The transcriptomics data obtained in this work represent a repository that can be mined by the LAB research community, similarly to that comprised by LAB genome data. We performed a global analysis on the whole data set and a more in-depth survey into major fields of interest of L. lactis research. All raw data and the normalized gene expression profiles are shared together with this text, as supplemental material, and should allow rapid progress in both fundamental and application-oriented research on L. lactis.

MATERIALS AND METHODS

Bacterial strain and growth conditions.

Lactococcus lactis subsp. cremoris MG1363 (25), from the same −80°C aliquot as the one that was used for the sequencing of the genome of this strain (8), was grown in M17 medium (Difco Laboratories, Detroit, MI) supplemented with 0.5% (wt/vol) glucose (Acros Organics, Geel, Belgium) at 30°C. A chemostat of 16 L (working volume of 12 L) was used, and homogeneity of the culture was maintained through mild stirring (30 rpm).
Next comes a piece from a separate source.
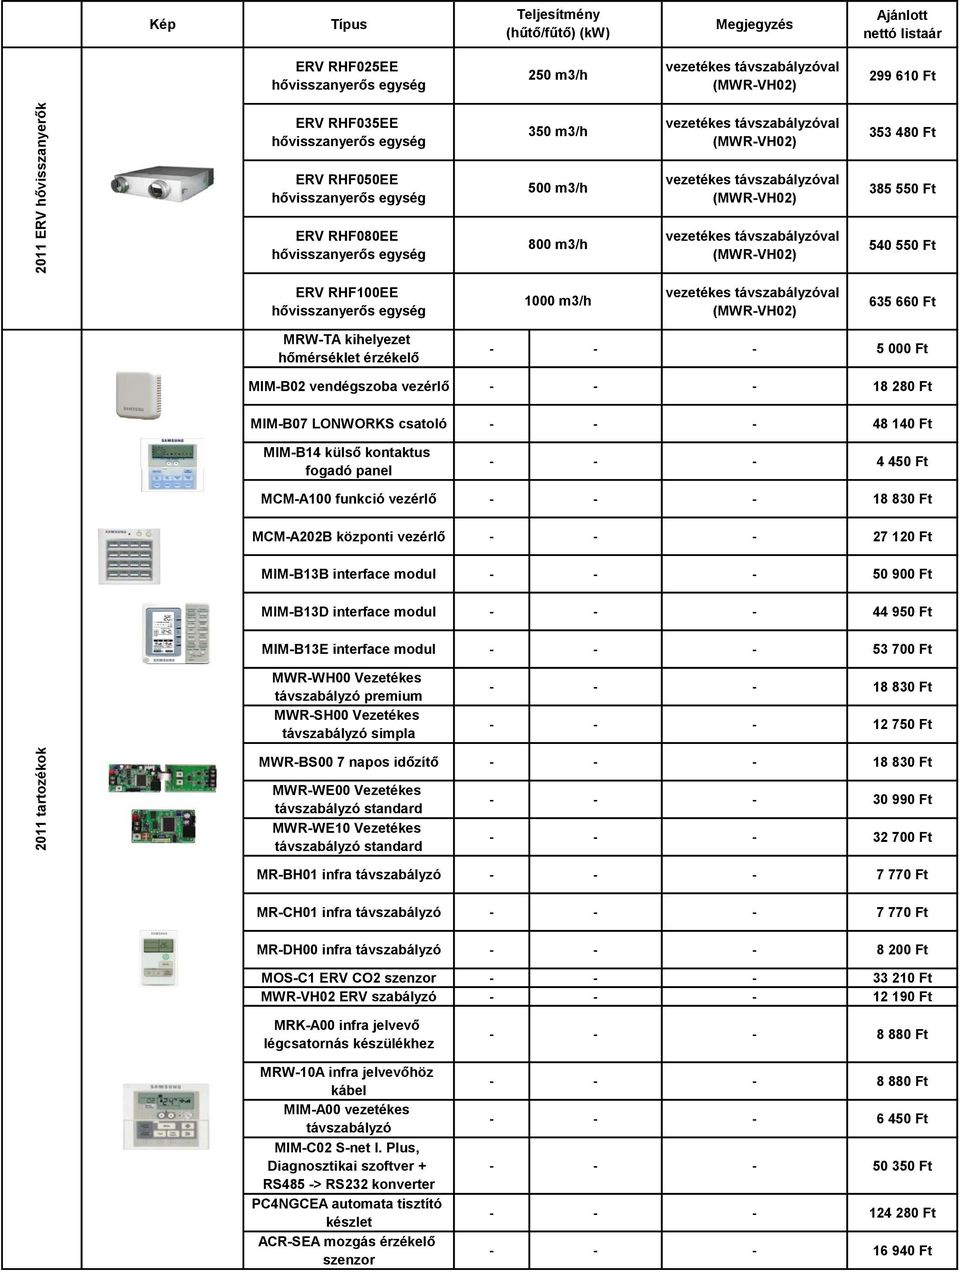 kontaktus fogadó panel - - - 4 450 Ft MCM-A100 funkció vezérlő - - - 18 830 Ft MCM-A202B központi vezérlő - - - 27 120 Ft MIM-B13B interface modul - - - 50 900 Ft MIM-B13D interface modul - - - 44

The medium pH was monitored with a built-in probe, and growth was followed by measuring the optical density at 600 nm (OD600). Prewarmed medium was inoculated with a 1/100 volume of an L. lactis MG1363 GM17 culture maintained in the exponential phase of growth by means of consecutive dilutions, during a period of at least 48 h. Reproducibility of the procedure was verified by repeating the above-described fermentation procedure 2 times. Cultures and inocula were grown in media from the same batch. Samples from all inocula and from the cultures at the end of the experiment were plated, examined under a microscope, and regrown in microtiter plates to check for potential contamination and plated to check cell viability by counting CFU (data not shown). Glucose concentration was measured via an enzymatic assay using a d-glucose kit (R-Biopharm, Darmstadt, Germany) according to the manufacturer’s instructions. Measurements were done in duplicate on cell-free supernatant samples obtained during fermentation.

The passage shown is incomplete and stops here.